Consider how the world appeared at the finish of Good Friday. It would have seemed that every source of order, justice and comfort — politics, institutional religion, the community, friendship — had been discredited. It was the cynic’s finest hour. And God Himself seemed absent or unmoved, turning cynicism toward nihilism. Every ember of human hope was cold. And there was nothing to be done about it.

 

Then something happened. There was disagreement at the time, as now, on what that something was. According to the story, Pilate posted a guard at the tomb with the instruction: “Make it as secure as you can.” Then the cynics somehow lost control of the narrative. There was an empty tomb and wild reports of angels and ghosts. And the claim of resurrection.

Even those who believe the body was moved must confront certain facts. Faith in the figure who Rome executed has far outlasted the Roman Empire. The cowardly friends became bold missionaries, most dying torturous deaths (according to tradition) for the sake of a figure they had once betrayed in their sleep.
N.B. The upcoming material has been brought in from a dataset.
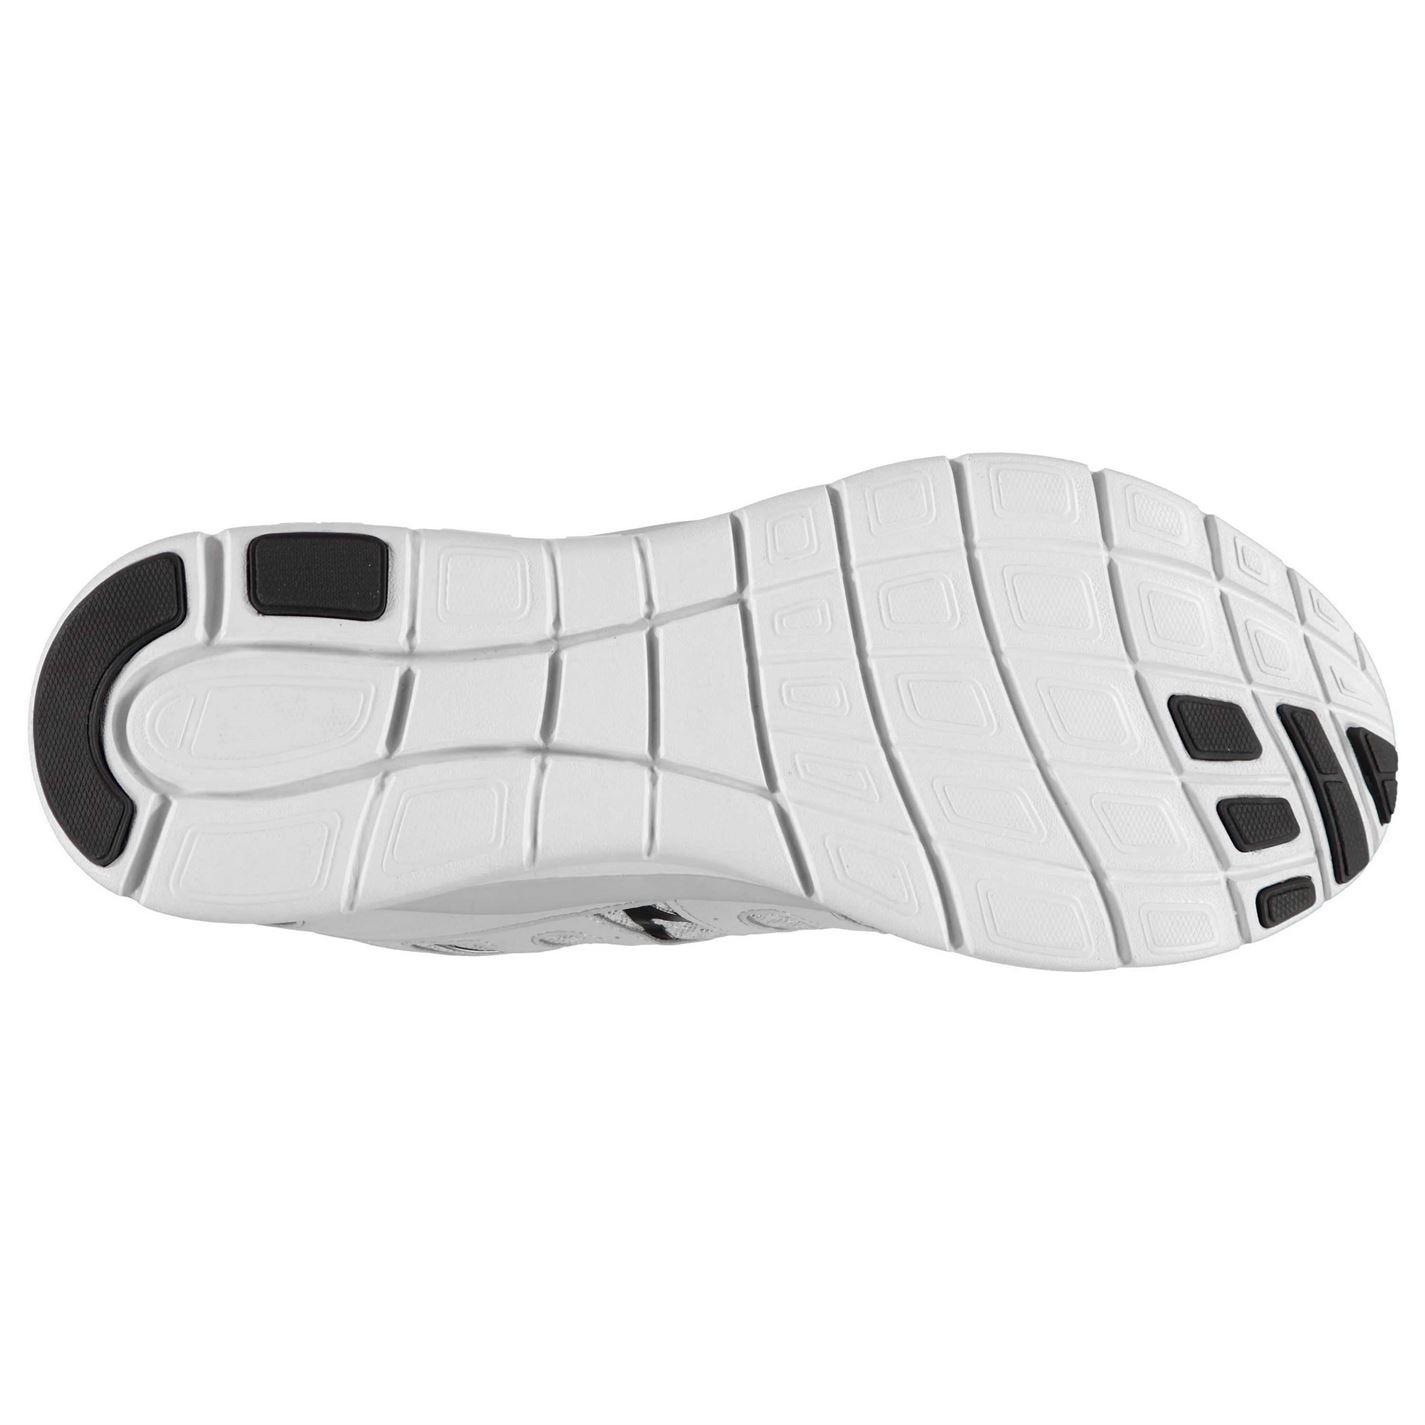 Karrimor-Mens-Duma-Trainers-Lace-Up-Sports-Running-Cross-Training-Shoes thumbnail 47

The faith thus founded has given the mob — all of us, even the ones who mock, especially the ones who mock — the hope of pardon and peace.

 

For believers, the complete story of Good Friday and Easter legitimizes both despair and faith. Nearly every life features less-than-good Fridays. We grow tired of our own company and travel a descending path of depression. We experience lonely pain, unearned suffering or stinging injustice. We are rejected or betrayed by a friend. And then there are the unspeakable things — the death of a child, the diagnosis of an aggressive cancer, the steady advance of a disease that will take our minds and dignity. We look into the abyss of self-murder. And given the example of Christ, we are permitted to feel God-forsaken.

 

And yet . . . eventually . . . or so we trust . . . or so we try to trust: God is forever on the side of those who suffer. God is forever on the side of life. God is forever on the side of hope.

 

If the resurrection is real, death’s hold is broken. There is a truth and human existence that cannot be contained in a tomb. It is possible to live lightly, even in the face of death — not by becoming hard and strong, but through a confident perseverance. Because cynicism is the failure of patience. 

 

Because Good Friday does not have the final word.